On the 14th, they held up a taxi driver in Sacramento and escaped after an exchange of gunfire with Sacramento police. On April 18, Harry J. Litzberg was killed by two men thought to be the fugitives during the robbery of his Sacramento store. Armed posses searched the swamps and river banks around Sacramento. On the 21st two holdups and carjackings in Sacramento were attributed to the two escapees.
Two days later, the wanted killers carjacked a man named F.R. Harlow and his four year-old daughter at 17th and Q streets in Sacramento, and forced him at gunpoint to drive them away. A small boy saw the crime and notified police officer Clyde Nunn who commandeered an automobile and took off after the robbers. As the officer’s car pulled abreast of the fleeing vehicle, Tanko fired into the car, hitting Officer Nunn. The fugitives drove on with the man and his daughter until the car ran out of gas, and then they fled then on foot. A massive manhunt was organized but somehow the wanted men managed to avoid capture.
It was almost a month later, on May 15, that Hall was arrested in a Sacramento rooming house by local police. It seems that Hall, who had split up with Tanko so as to call less attention to themselves as a pair, encountered a friend from San Quentin on the street and asked for his help. The friend put him up in a rooming house where Hall was told to sleep under the bed so he wouldn’t call attention to his presence.
The $1000 reward offered for the arrest of the killers of Litzberg and the shooters of Officer Nunn proved too attractive, however, and the friend tipped off the police to Hall’s whereabouts.
The focus of the search for Tanko soon switched to San Francisco. As in any major case, tips flooded in. Witnesses say they saw him on train to Oakland. He was also supposedly spotted on Montgomery and Market and at the Particular Lunch counter near Polk and Bush. Chief Daniel O’Brien issued orders to the district captains. “Tanko is believed to be in San Francisco. Order every patrolman to be on guard and to shoot to kill at the first sign of trouble,” the Chief commanded.
On May 18, it was reported that Tanko carjacked another driver, Chester Buntley at 3rd Avenue and Lincoln Way, and forced him at gunpoint to drive downtown. When they ran into a traffic jam at Kearny and Broadway, the man jumped out of the car and disappeared into North Beach. Buntley drove to Central Station a few blocks away at 641 Washington Street where he identified Tanko as his kidnapper from photographs, and the fact that his abductor had an Italian accent.
On the 24th, Chief O’Brien received a post card, presumably from Tanko, claiming that he was heading south to dispose of his half-brother Frank who had assisted police with their prosecution for the murder of Chief Meehan.
In fact, Tanko was probably nowhere near San Francisco at the time. It later turned out that Tanko, after separating from Hall, hid out for several days in a Chinese den in Sacramento before heading for Colorado where he had lived previously and had spent time in the reformatory.

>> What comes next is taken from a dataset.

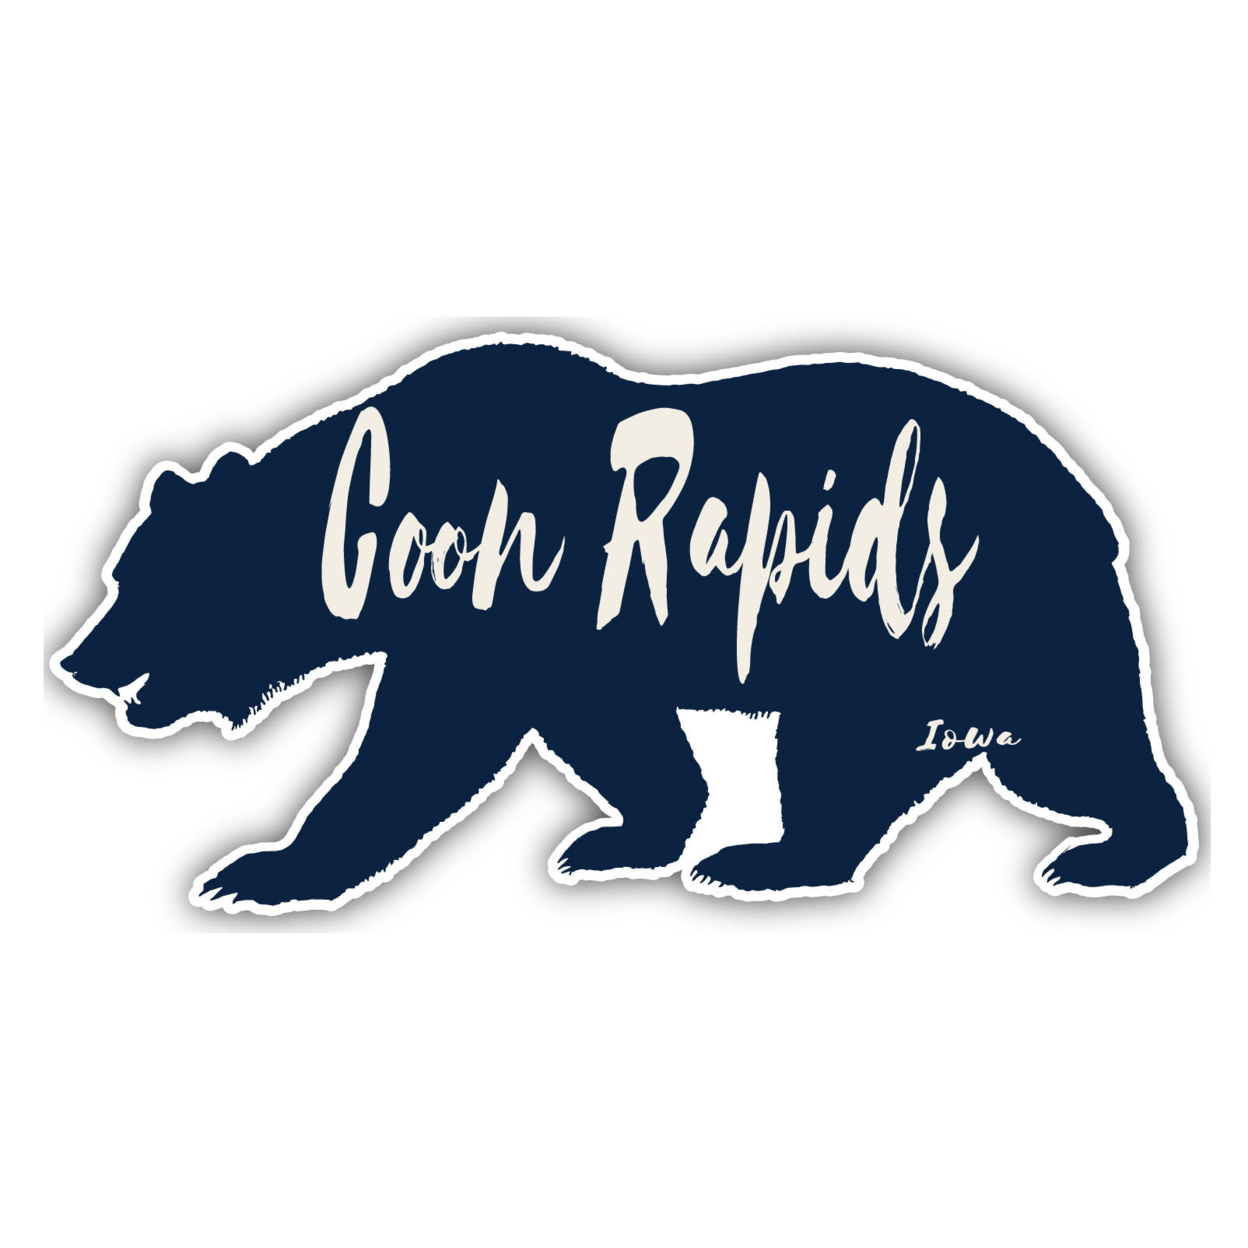 Coon Rapids Iowa Souvenir Decorative Stickers (Choose Theme And Size) - 4-Pack, 12-Inch, Bear

In Colorado, he later told criminal accomplices, he sustained himself by robbery.
But for some unexplained reason, Tanko did return to San Francisco in late 1926. Perhaps on some level he wanted to be caught, for he was well known on sight to city detectives from the months he had spent in city prison awaiting trial for the killing of Chief Meehan. He holed up at “Creepy” Wilson’s place on McAllister Street where he spent his time playing penny-ante poker and going out at night to attend the movies.
The excitement level was high in the city at the time because just a month earlier Buck Kelly and his fellow “Terror Bandits” had terrorized the city with a two-day drive-by murder spree which left four men dead and more than a dozen wounded. Tanko is reported to have told his fellow roomers on McAllister Street that he disapproved of such senseless killing.
The death house at 1378 McAllister. The ambulance obscures the entrance to the alley leading to the basement apartment.
Photo: Kevin Mullen collection
When the officers arrived at 1378 McAllister on the morning of November 13, 1926, they had no idea what was in store for them. Detective McSheehy took the rear of the building; Detective Palmer positioned himself in front of the alley entrance to the apartment on the west side of the building; and Detective Sergeant Van Matre took the adjacent window, the only visual aperture into the apartment. Detective Sergeant Roney placed himself in the upper hallway of building, at the door leading up from the basement apartment.
When Detective Sergeant Van Matre eased up the window, he observed Willie DeBardelaben, a member of “Creepy” Wilson’s gang, lying on a bed. The officer ordered DeBardelaben, who was known to him, to raise his hands and step away from the bed. DeBardelaben made to comply but then halted, saying that someone was holding a gun on him. Van Matre climbed in through the window and was halfway over the sill when he was shot in the groin by Tanko who was lying in the bed, out of Van Matre’s line of sight.
Tanko broke for the only exit available to him, the stairway to the upper floor. Detective Sergeant Roney heard the shot below and he was ready when Tanko rushed up the stairs. As the bandit came through the door, gun in hand, Roney ordered him to surrender. Big mistake. Without a word Tanko fired on the officer striking him in the abdomen. (Chief O’Brien’s dictum to shoot first and ask questions later would seem to have been justified by events.)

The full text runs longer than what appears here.